M1 for setting the sum of probabilities to 1: \(a + b + 0.4 = 1\). A1 for obtaining \(a + b = 0.6\). M1 for setting up the expectation equation: \(a + 2b + 1.3 = 2.4\). A1 for obtaining \(a + 2b = 1.1\). M1 for solving the simultaneous equations. A1 for correct values \(a = 0.1\) and \(b = 0.5\).

The curve crosses the \(x\)-axis when \(y = 0\). This means \(\frac{\ln(x)}{x} = 0\), which occurs when \(\ln(x) = 0\), so \(x = 1\). The point of contact is therefore \((1, 0)\). Next, we find the derivative \(\frac{dy}{dx}\) using the quotient rule. Let \(u = \ln(x)\) and \(v = x\), so \(u' = \frac{1}{x}\) and \(v' = 1\). The quotient rule gives \(\frac{dy}{dx} = \frac{u'v - uv'}{v^2} = \frac{\frac{1}{x} \cdot x - \ln(x) \cdot 1}{x^2} = \frac{1 - \ln(x)}{x^2}\). At \(x = 1\), the gradient of the tangent is \(m = \frac{1 - \ln(1)}{1^2} = \frac{1 - 0}{1} = 1\). Using the point-slope formula \(y - y_1 = m(x - x_1)\) with point \((1, 0)\) and gradient \(m = 1\), we get \(y - 0 = 1(x - 1)\), which simplifies to \(y = x - 1\).

M1 for finding the \(x\)-intercept by setting \(y = 0\) to get \(x = 1\). A1 for the coordinates of the point \((1, 0)\). M1 for applying the quotient rule to find \(\frac{dy}{dx}\). A1 for obtaining \(\frac{dy}{dx} = \frac{1 - \ln(x)}{x^2}\). A1 for finding the gradient \(m = 1\). A1 for the final equation \(y = x - 1\).
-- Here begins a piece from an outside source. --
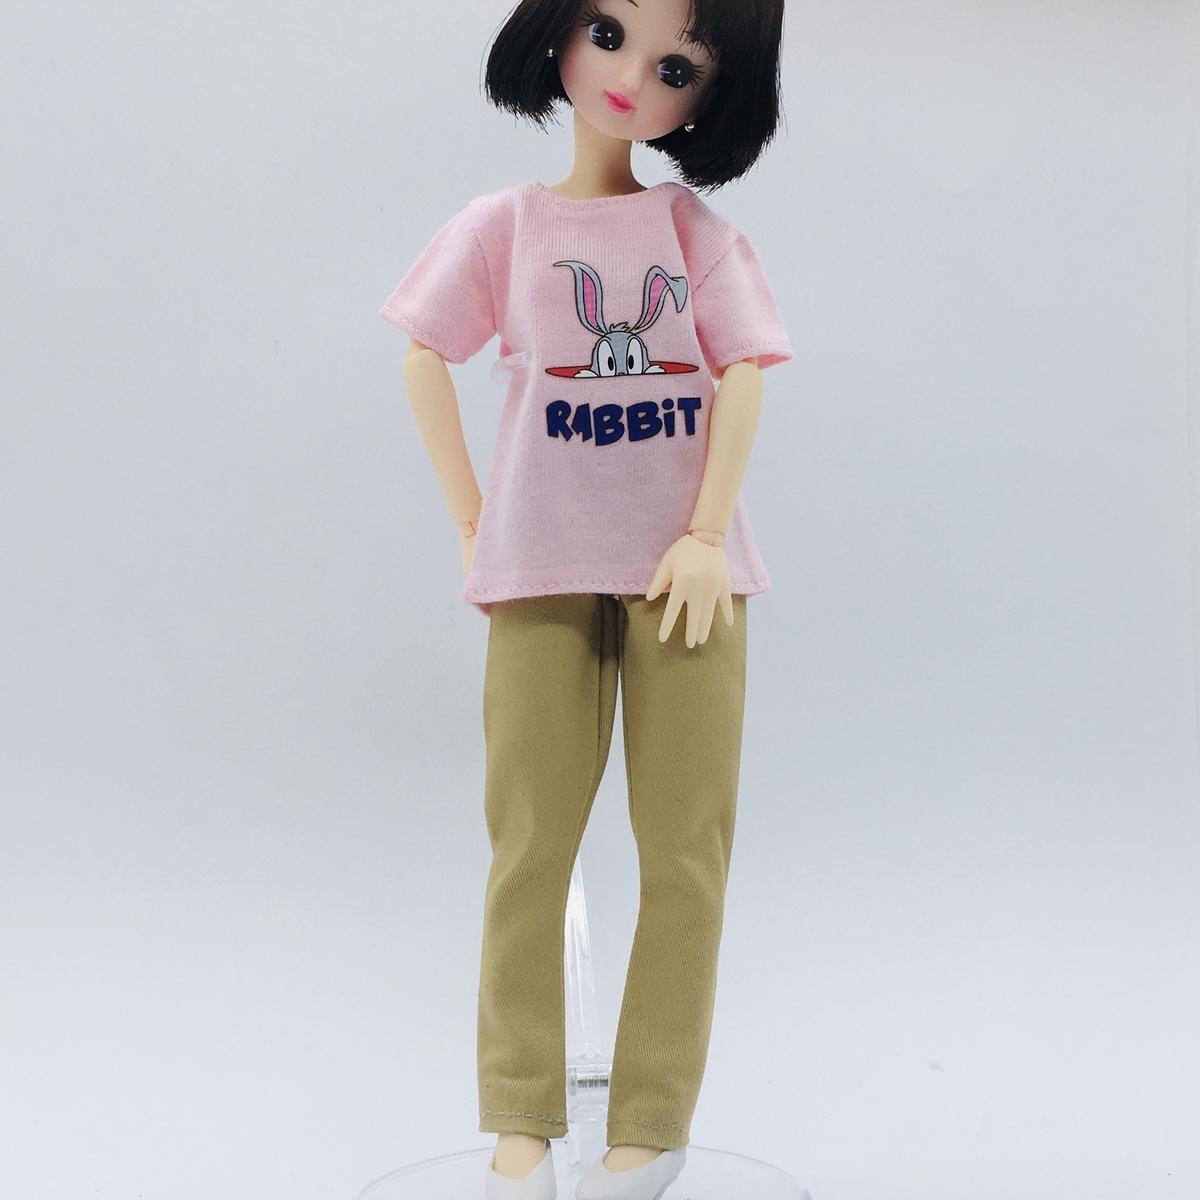 パンツの裾上げしたバービーのベージュのスリムパンツを着るリカちゃん

**(a)** Using the product rule to find \(f'(x)\):
\(f'(x) = 1 \cdot \ln(x) + x \cdot \frac{1}{x} = \ln(x) + 1\).
For a minimum point, set \(f'(x) = 0\):
\(\ln(x) + 1 = 0 \implies \ln(x) = -1 \implies x = e^{-1} = \frac{1}{e}\).
Substituting this back into \(f(x)\) to find the minimum value:
\(f\left(\frac{1}{e}\right) = \frac{1}{e} \ln\left(\frac{1}{e}\right) = \frac{1}{e}(-1) = -\frac{1}{e}\).

**(b)** At \(x = e\), the \(y\)-coordinate is:
\(y = f(e) = e \ln(e) = e\).
The gradient of the tangent at \(x = e\) is:
\(m = f'(e) = \ln(e) + 1 = 2\).
The equation of the tangent line is:
\(y - e = 2(x - e) \implies y = 2x - e\).

**(c)** Using integration by parts, let \(u = \ln(x)\) and \(dv = x \, dx\).
Then \(du = \frac{1}{x} \, dx\) and \(v = \frac{x^2}{2}\).
\(\int x \ln(x) \, dx = \frac{x^2}{2} \ln(x) - \int \frac{x^2}{2} \cdot \frac{1}{x} \, dx\)
\(= \frac{x^2}{2} \ln(x) - \frac{1}{2} \int x \, dx\)
\(= \frac{x^2}{2} \ln(x) - \frac{x^2}{4} + C\).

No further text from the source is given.